A headset for the Elecraft K2

There are times when a headset - headphones with a boom microphone attached - is the most convenient way to operate using SSB. But ham radio headsets can be absurdly expensive, and are often uncomfortable to wear, like some World War 2 relic.

Previous attempts to find a headset that would work with my Elecraft K2 failed, due to the insensitivity of the K2's VOX (which the output from the headset mic was not enough to trigger) or because of RF feedback due to poorly screened leads. Elecraft itself offers the Proset-K2, an Elecraft-badged version of a Heil product, but that certainly fits my description of "absurdly expensive", while postings on the Elecraft mailing list suggest that it may not be immune to the problem of too-little audio output either.

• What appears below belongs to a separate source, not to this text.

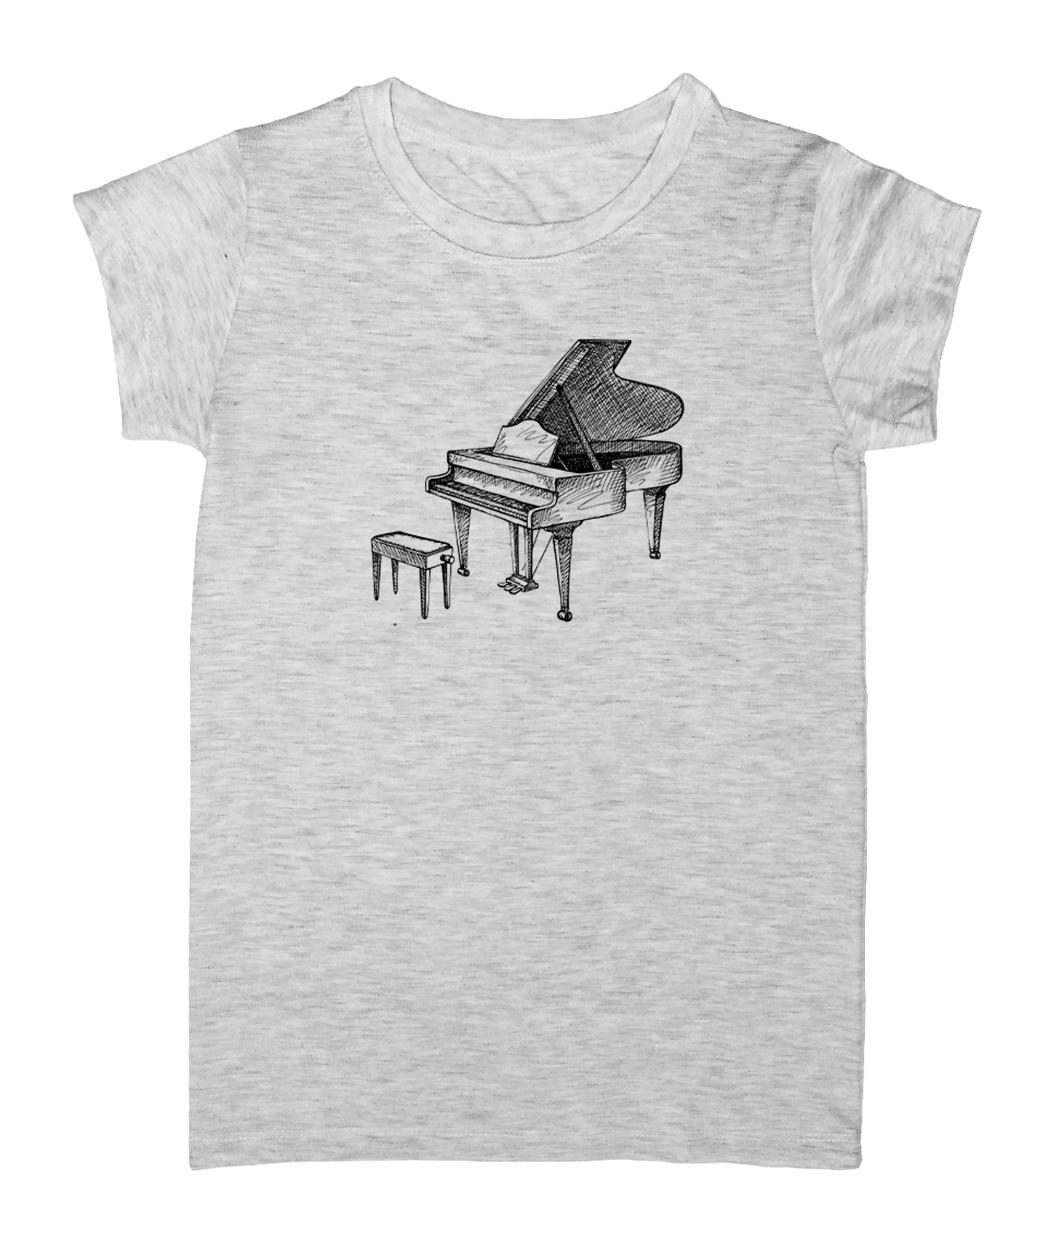 تصویر تیشرت زنانه طرح پیانو مدل EZM20

pic I recently purchased a Plantronics Gamecom 1 headset, and I decided to try this with my K2. The Gamecom 1 is an attractively designed and comfortable headset. The headphones have good audio response. The microphone has a built-in muffler, and is easy to move into position, but when not required - for listening or when working CW - it folds up and out of the way.

There is a switch in the microphone lead, but this simply disconnects the microphone - it is not suitable for use as a press-to-talk switch. The headset is normally used in conjunction with the transceiver's VOX mode, so the switch is useful for muting the mic and preventing accidental triggering of the VOX.

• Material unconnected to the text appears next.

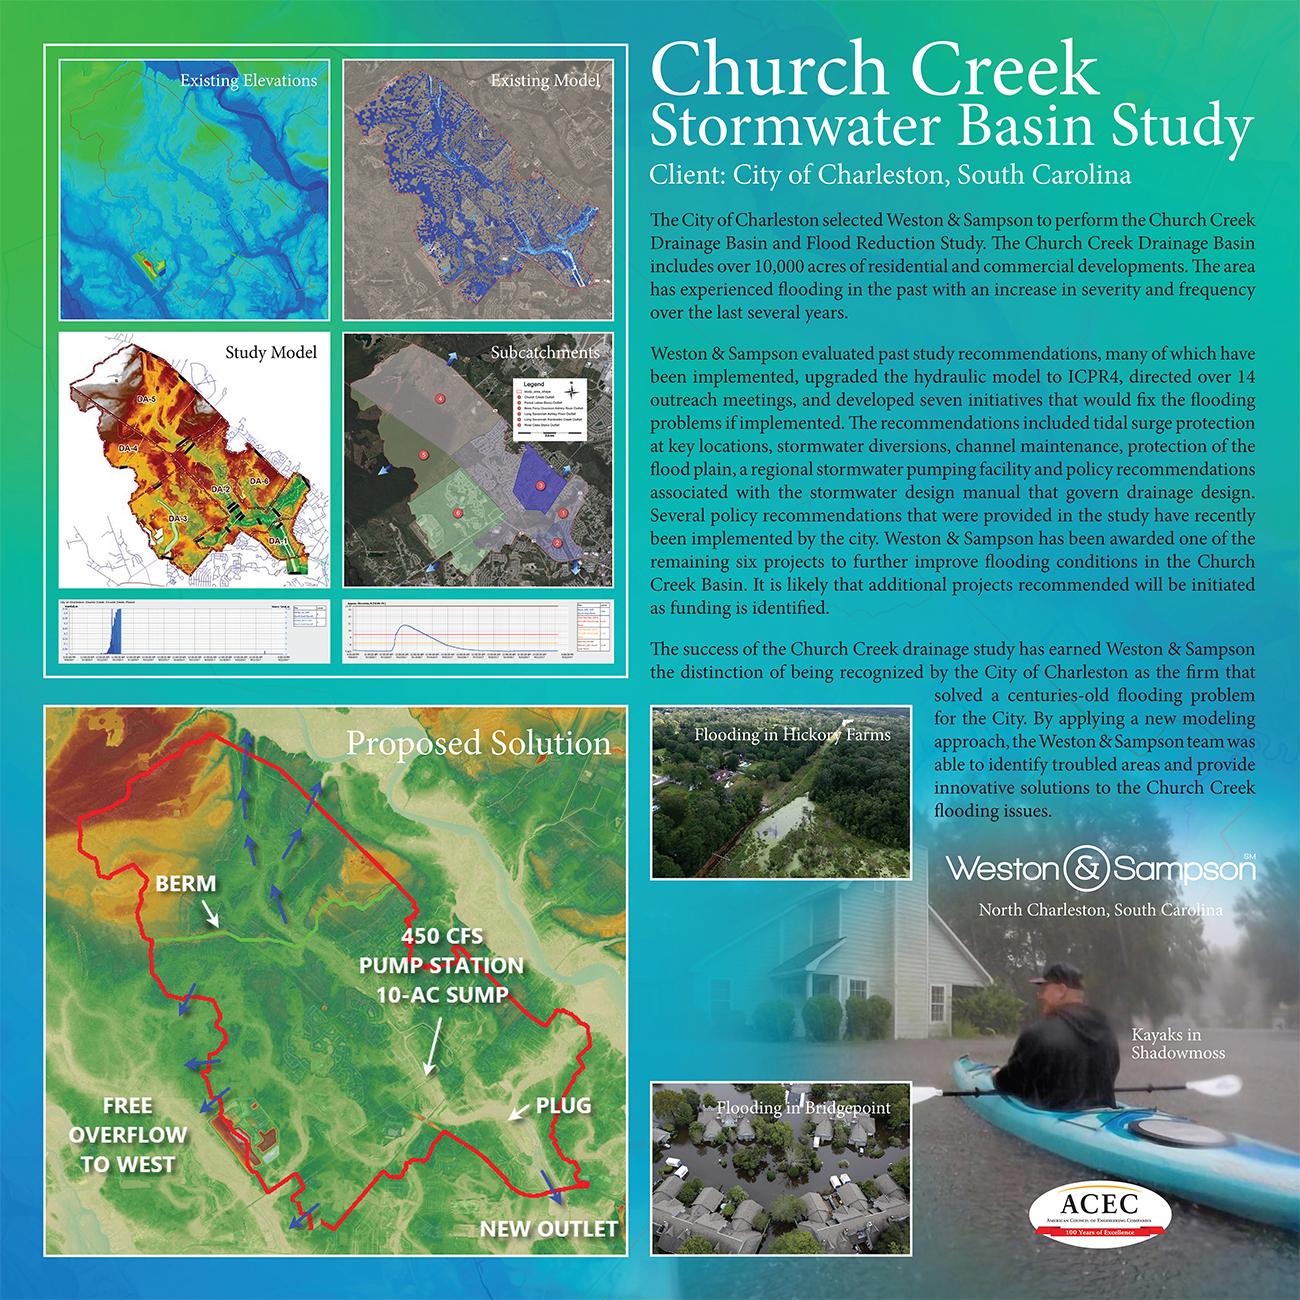 Church Creek Stormwater Basin Study

The headset is equipped with two identical 3.5mm stereo jacks for connecting to a computer sound card. Learning from previous mistakes, in which I spoiled a headset by cutting off the microphone jack and connecting it directly to an 8-pin plug, only to find that it did not work satisfactorily with the K2, I used a line 3.5mm jack socket to make an adapter. This way, I could retain the use of the headset with a computer, perhaps for use with my remote control software K2Net.

My K2 microphone socket is wired to the Elecraft standard, so I connected the ground to pin 8 and the audio to pin 1. To help prevent RF feedback I also wired a 1nF capacitor across these two pins, to decouple any RF that might be present.

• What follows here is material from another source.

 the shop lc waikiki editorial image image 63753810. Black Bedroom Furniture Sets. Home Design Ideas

The microphone element in the Gamecom 1 is an electret type, so a DC bias is required. The K2 provides 5V output to pin 6 (assuming that you made this connection when building the transceiver) and so the bias is supplied via a 1/8 watt 3.3K resistor connected between pin 6 and pin 1. This value is not critical or even scientifically determined - it was simply the first one in this range that I found in the junk box!

The headset cable is very long, so I made an RF choke by tightly coiling several turns of the cable near the connector. I have to say that I didn't try to use the Plantronics headset without this RF choke or the decoupling capacitor, so I don't know whether they are actually necessary to prevent RF feedback into the radio, but previous experiences suggested that some attention to RF filtering would be a good idea.


The results were extremely satisfactory. The headphones are comfortable to wear and provide very satisfactory listening. The microphone provides ample audio output to trigger the K2's VOX and deliver sufficient audio to fully drive the radio. The audio quality isn't quite as clear as when using my desk mic, but it is perfectly acceptable for contest or pile-up use - the typical situation for using a headset. I normally use most sensitive input setting and the 3:1 compression setting, giving the punchy audio that has always enabled the K2 to "punch above its weight" and get the kind of reports one would expect from a 100W rig.

Although I only operate at QRP power levels, with a maximum of 10 watts, I am using an indoor antenna farm located directly above the ceiling of my top-floor office /shack, so there is a lot of RF floating about. RF feedback has often been a problem with various items of equipment. However, after performing tests using 20m, 10m and 6m I could not detect any signs of RF interfering with the audio, with the headset connected as described.


The Plantronics Gamecom 1 makes a comfortable, attractive, effective and inexpensive headset for the Elecraft K2 transceiver. Doubtless it would work with other transceivers, and doubtless other good-quality computer headsets would work with the Elecraft K2, but a certain amount of luck may be needed to find one. Why pay three or four times as much for a "ham radio" headset when a readily available computer headset works just as well?